Inspiré hondo y apoyé las manos en la camilla, impulsándome hacia la silla. El movimiento fue torpe, y por un instante creí que iba a caer, pero logré mantenerme firme y sentarme sin ayuda. El dolor seguía ahí, pero ahora era más llevadero, como si sus manos hubieran reescrito temporalmente el mapa de mi sufrimiento.

—Muy bien, señor Casteli —dijo Valeria con un leve asentimiento—. Mañana continuaremos con ejercicios de resistencia. Y —añadió con una mirada significativa— la próxima vez que sienta ese tipo de dolor, dígamelo de inmediato. No estamos aquí para demostrar cuánto puede soportar en silencio.

Me giré hacia ella y, por un instante, nuestras miradas se encontraron una vez más. Había algo en sus ojos, una mezcla de determinación profesional y algo más cálido, más personal, que me dejó sin palabras.

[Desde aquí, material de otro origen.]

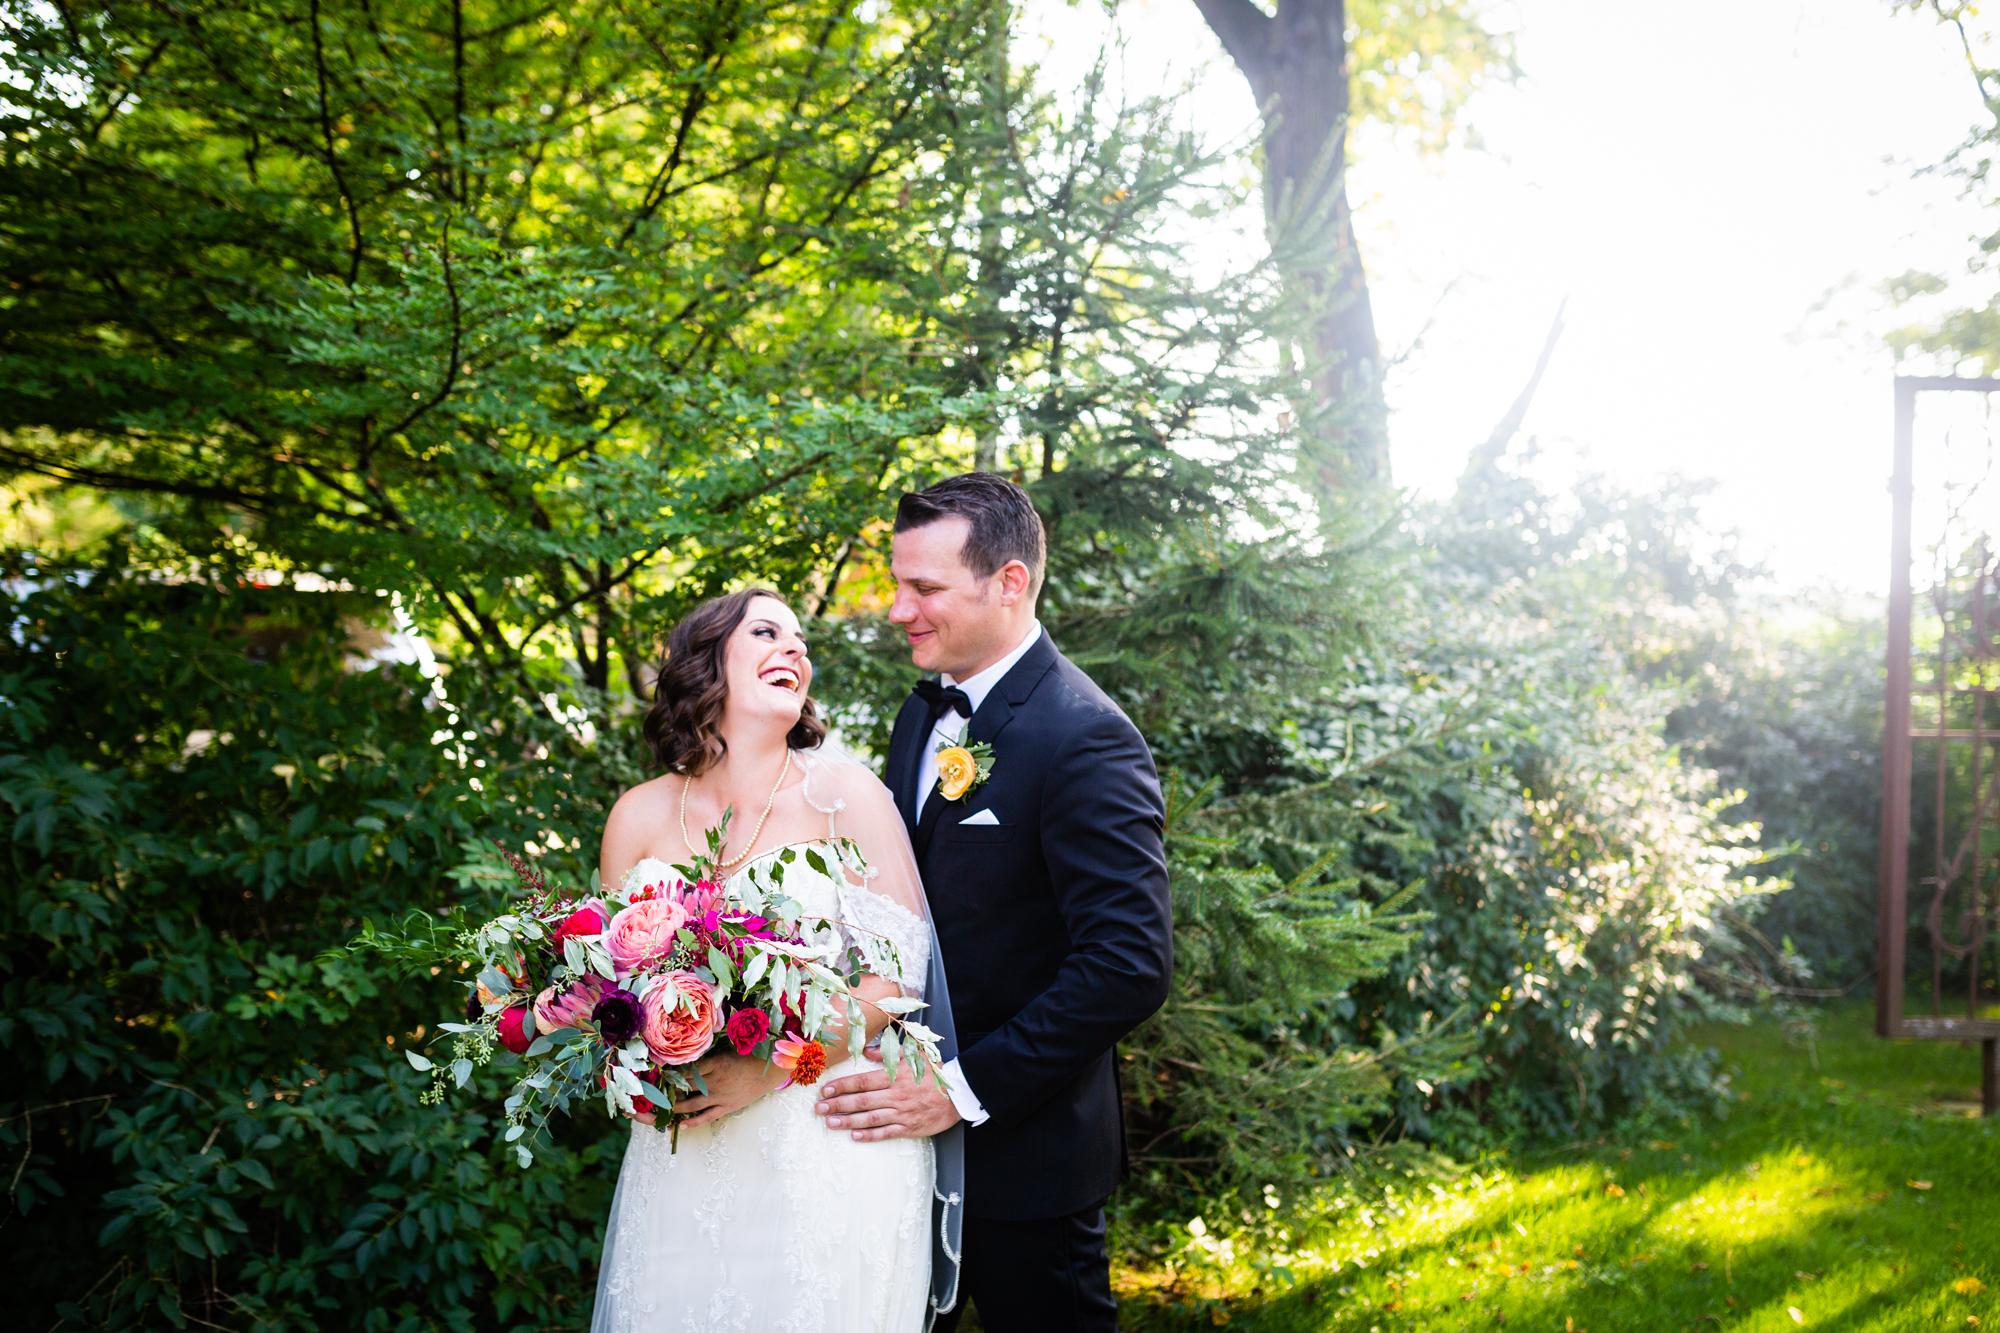 Hotel Du Village - LoveStruck Pictures - Wedding Photography-043.jpg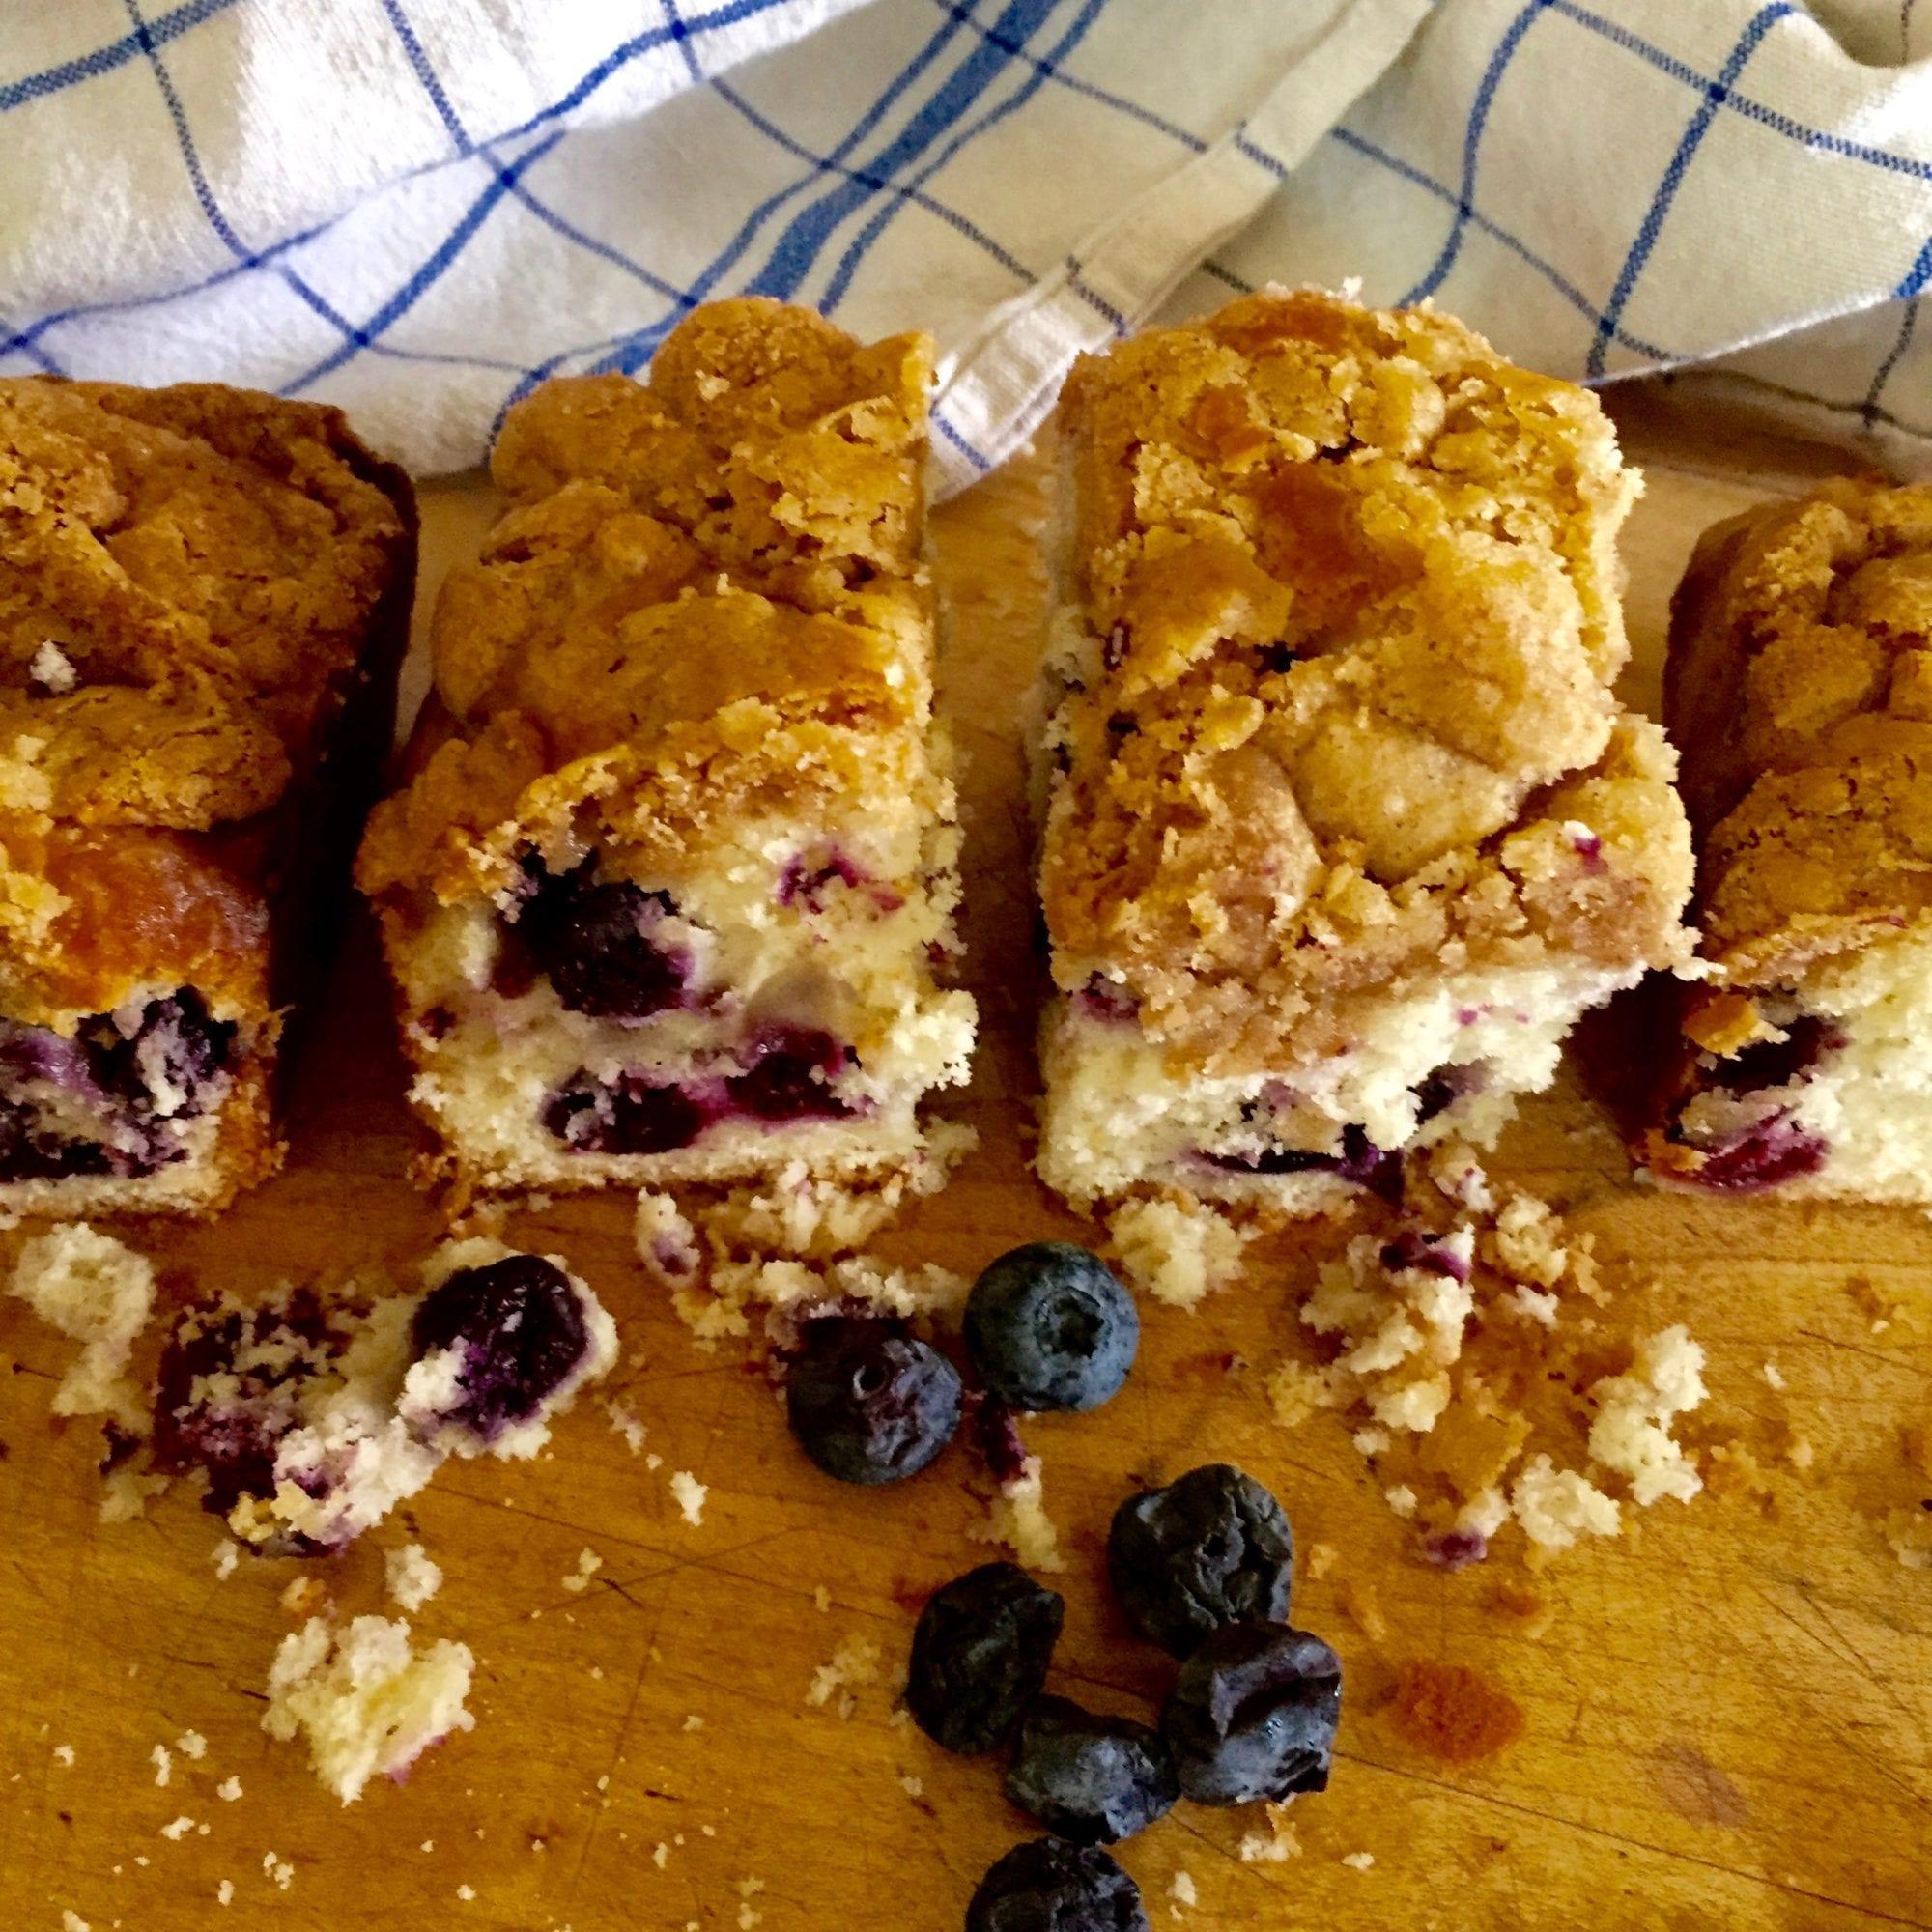 Blueberry Buttermilk Snack Cake Recipe | Jessie Sheehan Bakes

—Hasta mañana, Valeria —respondí, pronunciando su nombre con más suavidad de lo que había planeado.

Ella no respondió. Solo sonrió levemente antes de salir de la sala.

Me quedé en silencio, escuchando el eco de sus pasos alejarse por el pasillo. Mi espalda dolía menos, mi cuerpo se sentía más ligero, y por primera vez en mucho tiempo, sentí que algo dentro de mí volvía a moverse.

No era esperanza, aún no.

Pero tal vez era el primer paso para recordar cómo se sentía.